A bipartite graph-partitioning algorithm is proposed in [11], and it uses the base clustering to construct a bipartite graph, and then applies a reduction method to obtain the final clusters. The advantage is that the proposed graph models consider both objects and clusters of the ensemble as the vertices of the graph simultaneously. Furthermore, a weighted bipartite partitioning algorithm [12] is designed and it maps consensus partition to weighted bipartite graph partitioning, thus the method is more flexible than the original one. Liang et al.[13] propose a new algorithm for cluster ensemble to find nonlinear and separable clusters. They use a graph to represent the cluster relations, and then min-cut of graph is applied to obtain the final clusters. But in the proposed algorithm, the tag credibility of more clustering algorithms is not discussed.
Shi et al.[14] studied the relationship quality and diversity of base clusters, and they design a transfer cluster ensemble framework to obtain better final clusters, which is a good way to explore the clustering ensemble and transfer learning.

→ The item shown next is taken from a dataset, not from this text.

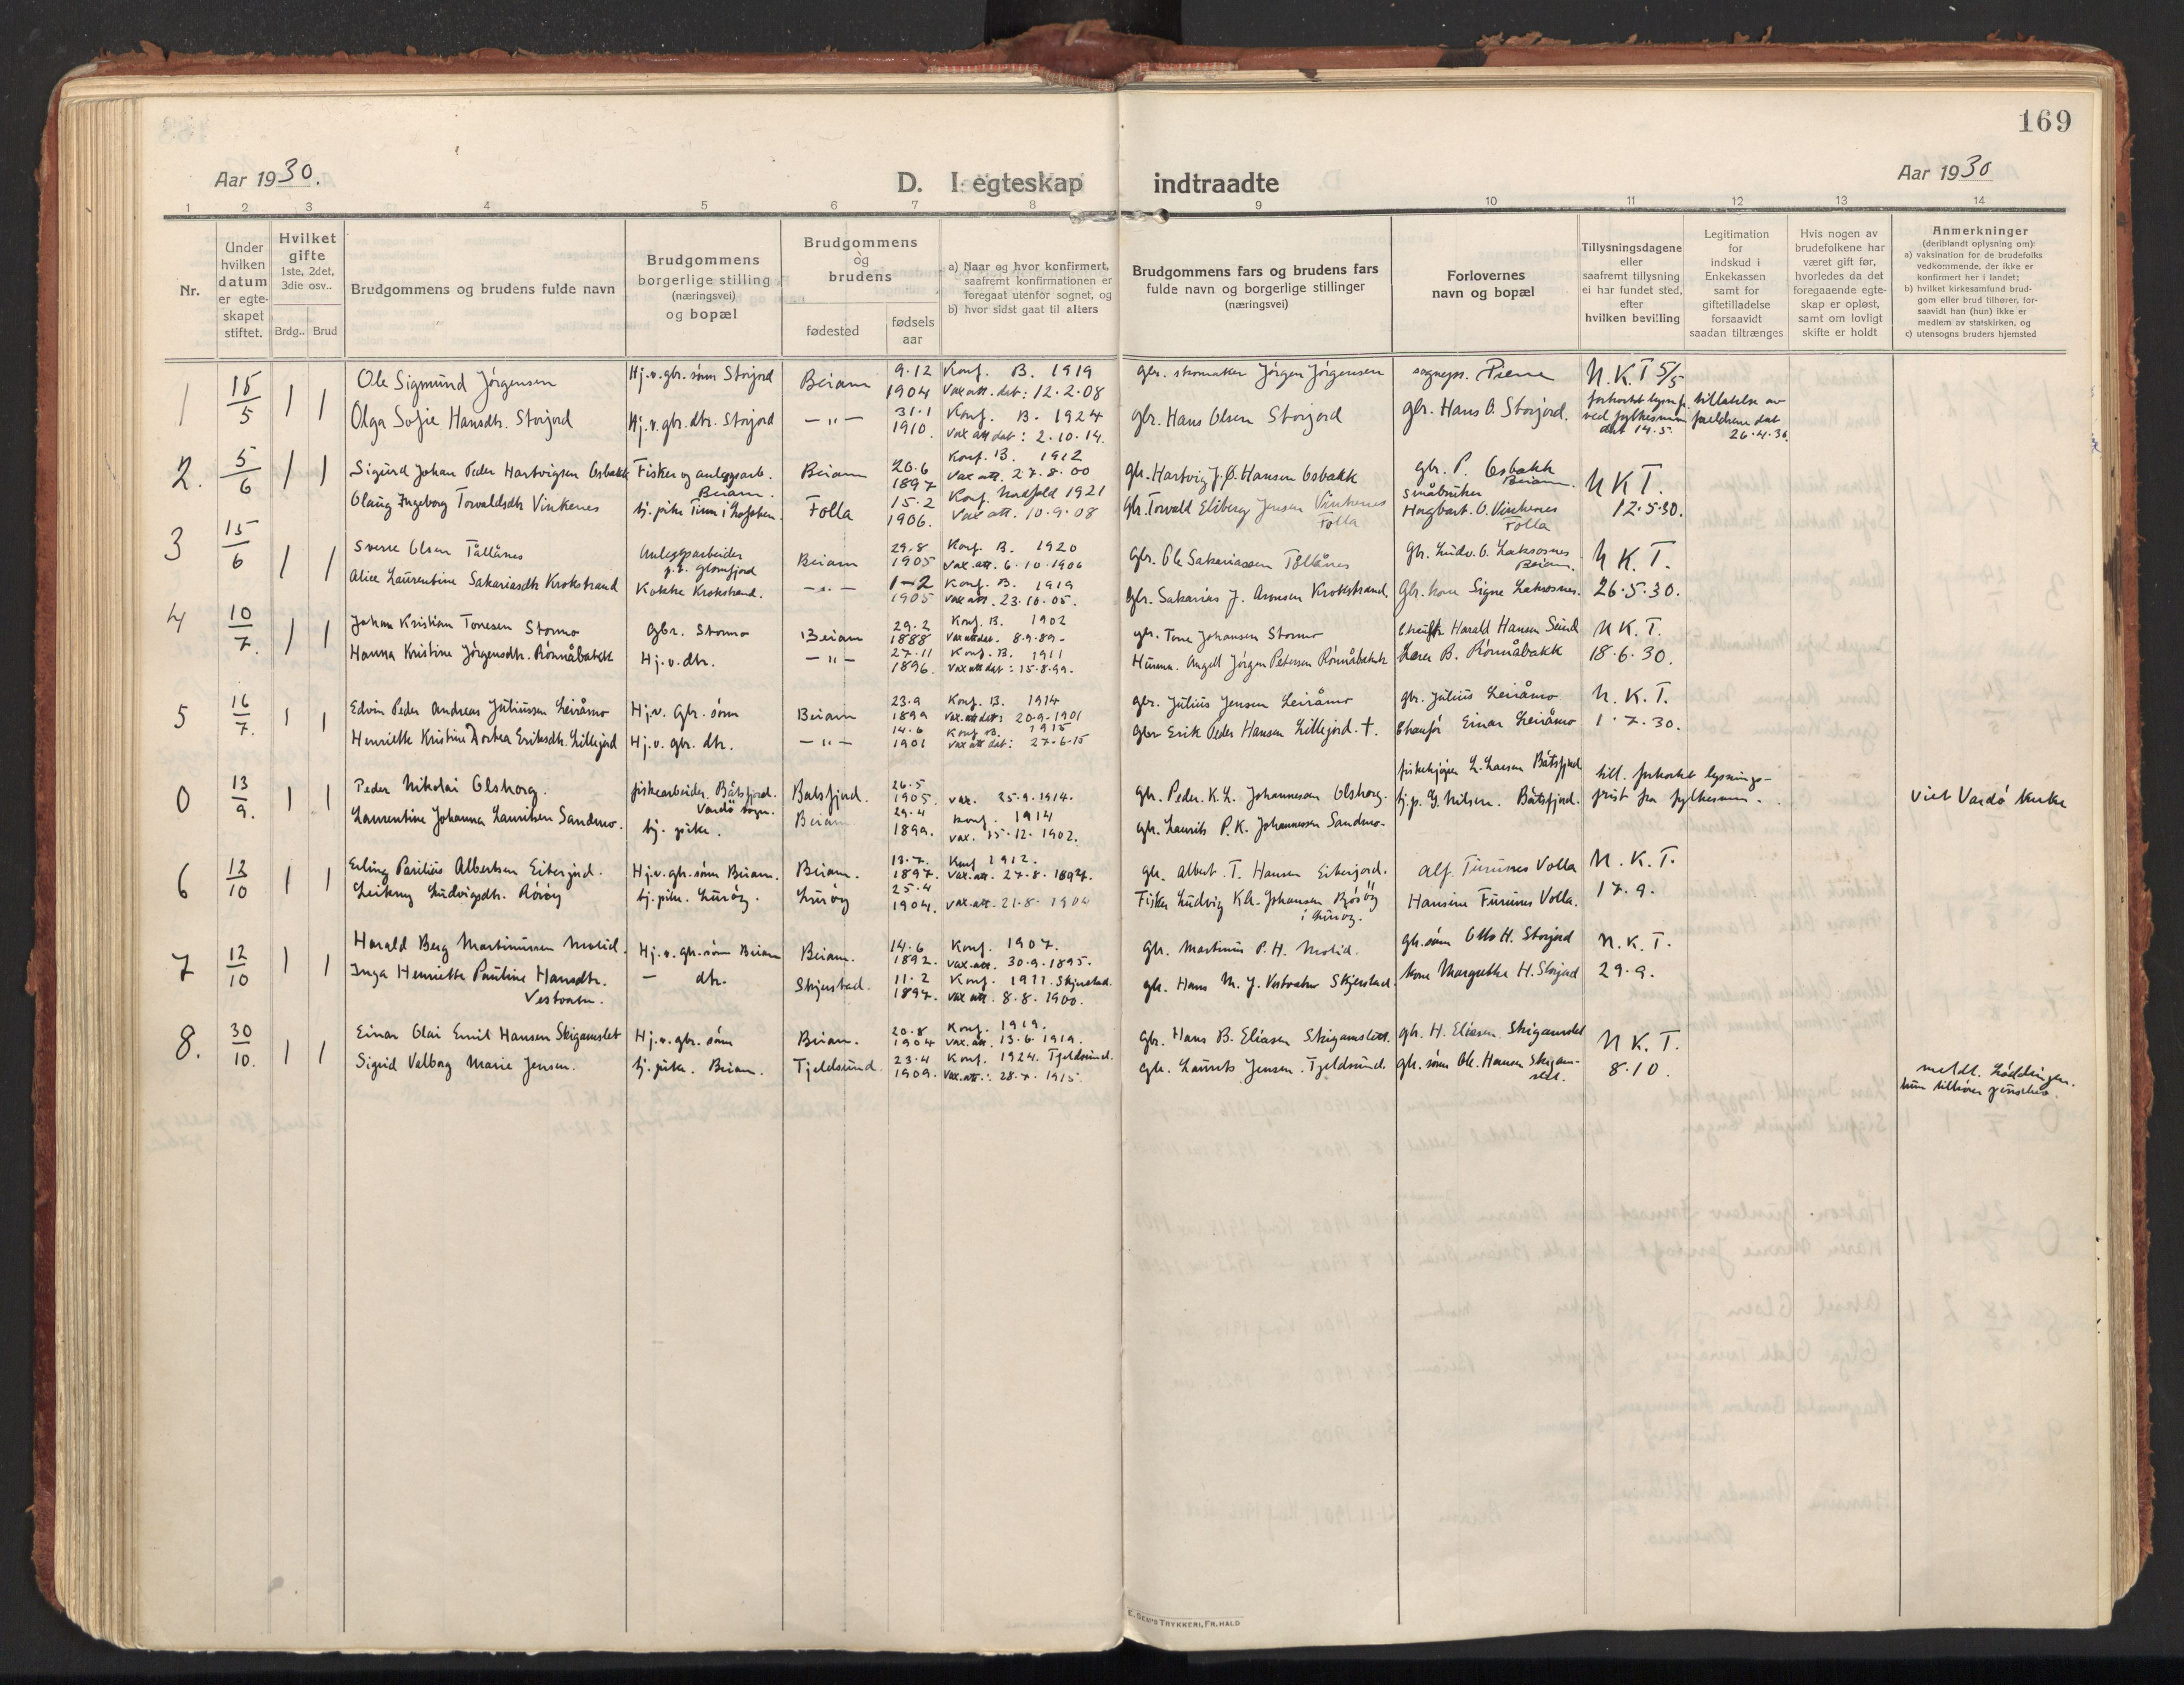 SAT, Ministerialprotokoller, klokkerbøker og fødselsregistre - Nordland, 846/L0650: Ministerialbok nr. 846A08, 1916-1935, s. 169

The framework has achieved better clustering performance, but it also has a high-time complexity.
2.2. Probabilistic Models
In this subsection, cluster ensemble can be viewed as probabilistic models, and then cluster ensemble algorithms are designed according to corresponding probabilistic models. In fact, there are a lot of statistic properties of base clusterings results, so the models of cluster ensemble can take advantage of their properties to achieve a consensus clustering. Commonly, this kind of models views the base clustering labels as new feature of original data, and then Topchy et al.[3] think that base clustering labels follow an multinomial distribution, and a mixture model can generate the base clustering results. On the other hand, the hidden variable can be inferred to a final ensemble result. Due to the assumption that the data objects conform to a certain probability distribution in the algorithm, poor quality clustering results will be obtained when the assumption conditions do not match the real situation.
Yang and Jiang [15] used a hidden Markov model to design a hybrid meta-clustering ensemble, and they further used a bi-weighting scheme to solve the problems of model selection and parameters initialization. Thus, the proposed bi-weighting scheme can adaptively examine the partition process, so it can optimize the consensus functions, which improves the performance of cluster ensemble. However, the weakness of the algorithm are still existing in the algorithm, which is that generating input partitions is a time-consuming job when initial cluster analysis is done.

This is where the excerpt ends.